Continuum is generating so much buzz that universities and scientists (including Professor Carl June, often described as ‘the leading light in immune-oncology’) are reported to be keen to collaborate.
Charitable organisations such as the National Cancer Research Institute and Pancreatic Cancer Action have also been supportive and are offering help in identifying other long-term survivors of metastatic cancer.
Given his own extraordinary energy and optimism, it is easy to forget all James has gone through.
His body has been ravaged by the disease, surgery and treatments — one operation left a scar caused by 91 metal staples, like a giant zip, down his front that he told his kids was a shark bite. (It was only earlier this month, in anticipation of this article, that he told them he had cancer.)
For James and Nova, the dark shadow of cancer has hung heavy for a long time.
‘I have private dark moments — every day — but I never speak about them,’ James says. ‘I deal with them by thinking about the kids and Nova and that, whatever happens, I’ve survived 10 years and we’ve had a great 21 years together.’
They clearly absolutely adore each other.
But one can only imagine how hard things have been for Nova, who has sat by his bedside in too many intensive care units in too many hospitals.

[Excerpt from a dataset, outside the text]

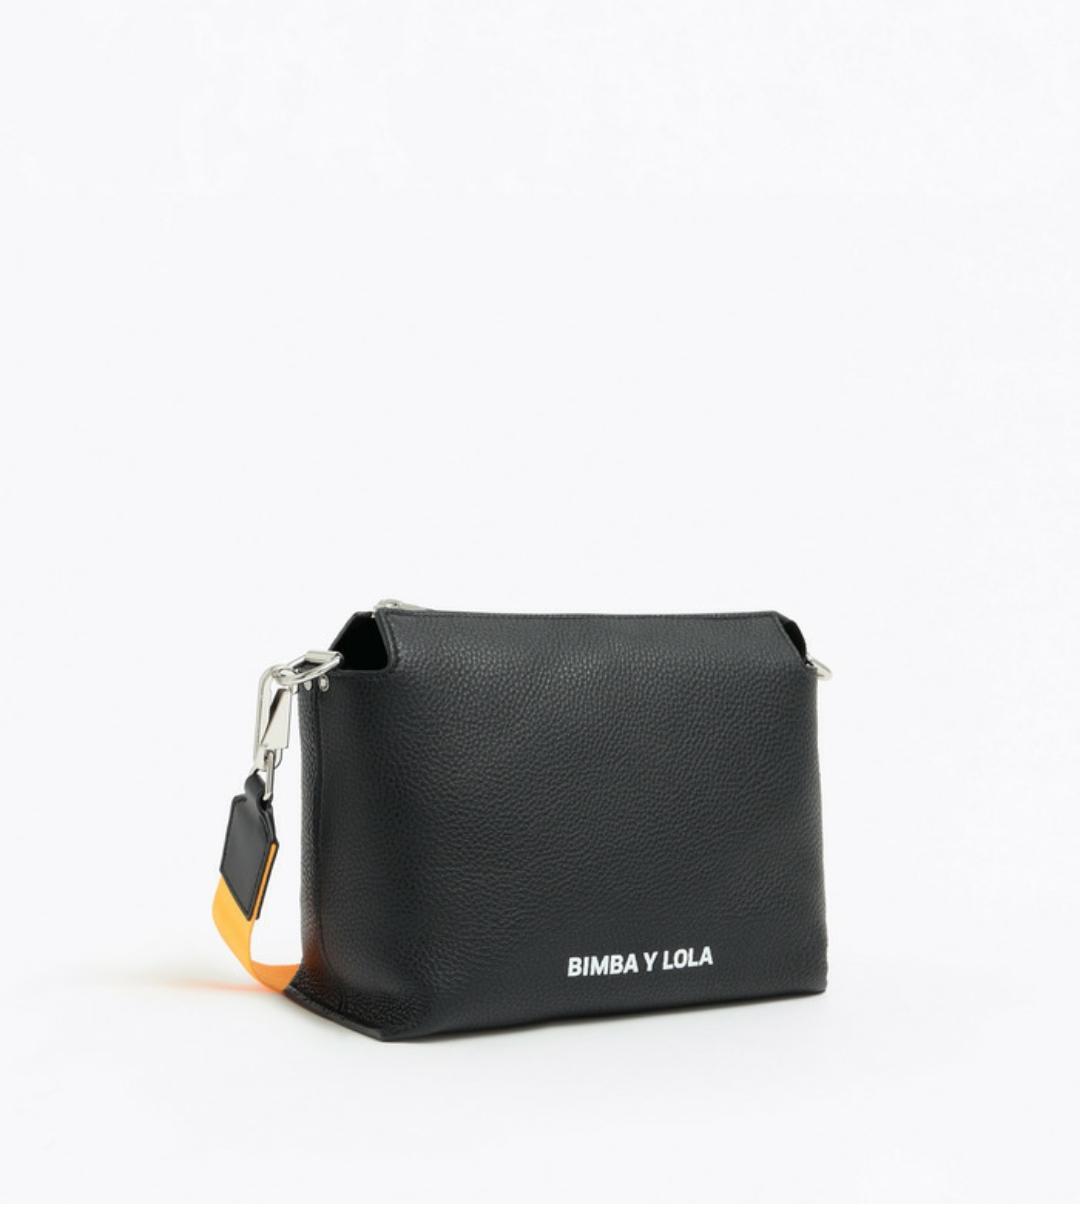 Bolso bandolera de piel en color negro de Canyon Collection. Tamaño grande y asa de bandolera ajustable, de Bimba & Lola
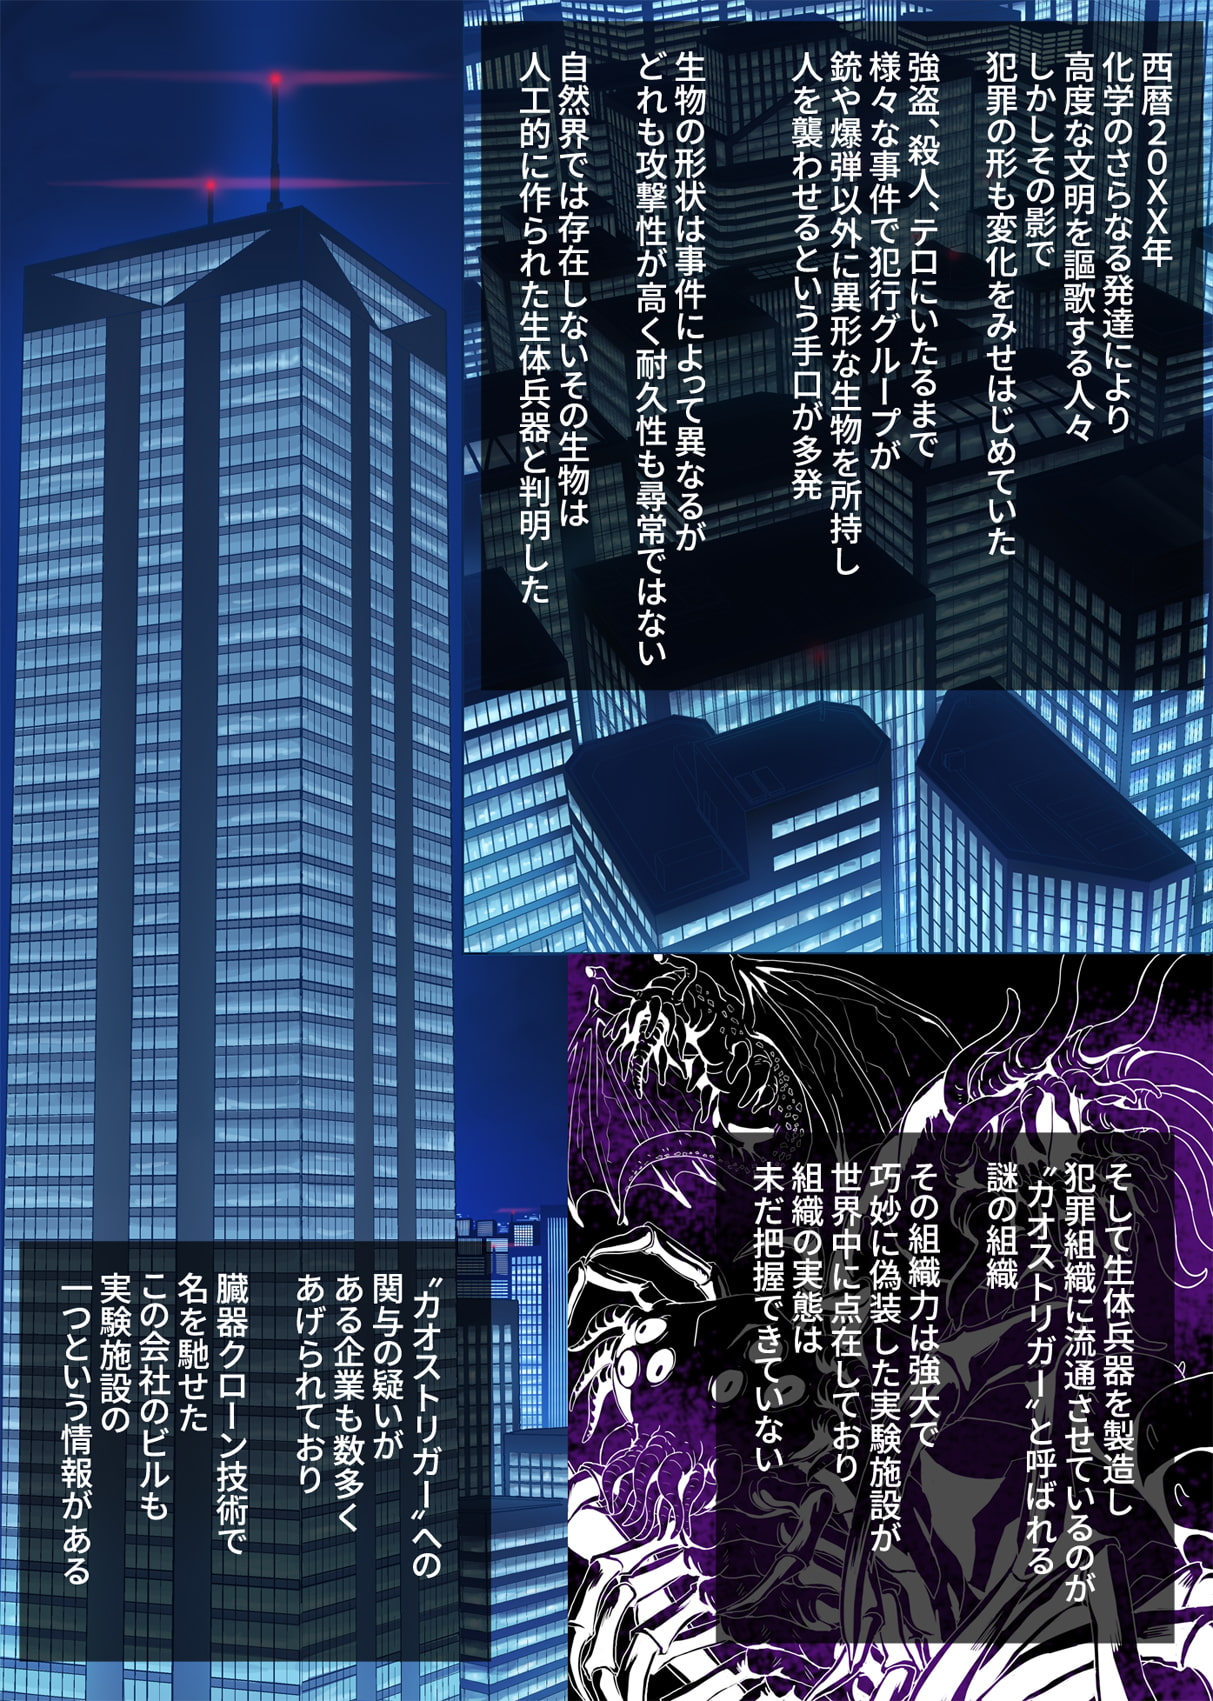 潜入捜査官勇水ルイ1

She still can’t recall the dark days of his pancreatic operation without weeping.
‘For years, it was looking after the children that got me through — having to put on a brave face. Wrapping their Christmas presents, pretending everything was OK,’ she says.
James is her inspiration.
‘He never complains. He is an incredibly upbeat individual so we have never had a conversation where we’ve said: “We can’t plan that far ahead.” ’
While she has supported him unstintingly in every decision — even his refusal to change his lifestyle and submit to super healthy cancer diets — it can’t be easy being married to someone who spends so much of his time helping others.
So could James’s T-cells really herald a universal cure for cancer?
As Carl June puts it: ‘Understanding the mechanisms by which extreme cancer survivors clear their cancer has potential to end the cancer epidemic.’
Only time will tell.
But first, the Continuum team needs help to boost their research programme. They need more long-term cancer survivors to assist in their research programme by giving blood.
This is why James Hull is telling his story, in the hope others will come forward to help him and his team of world-renowned scientists in their quest to find a cure for cancer — sooner rather than later.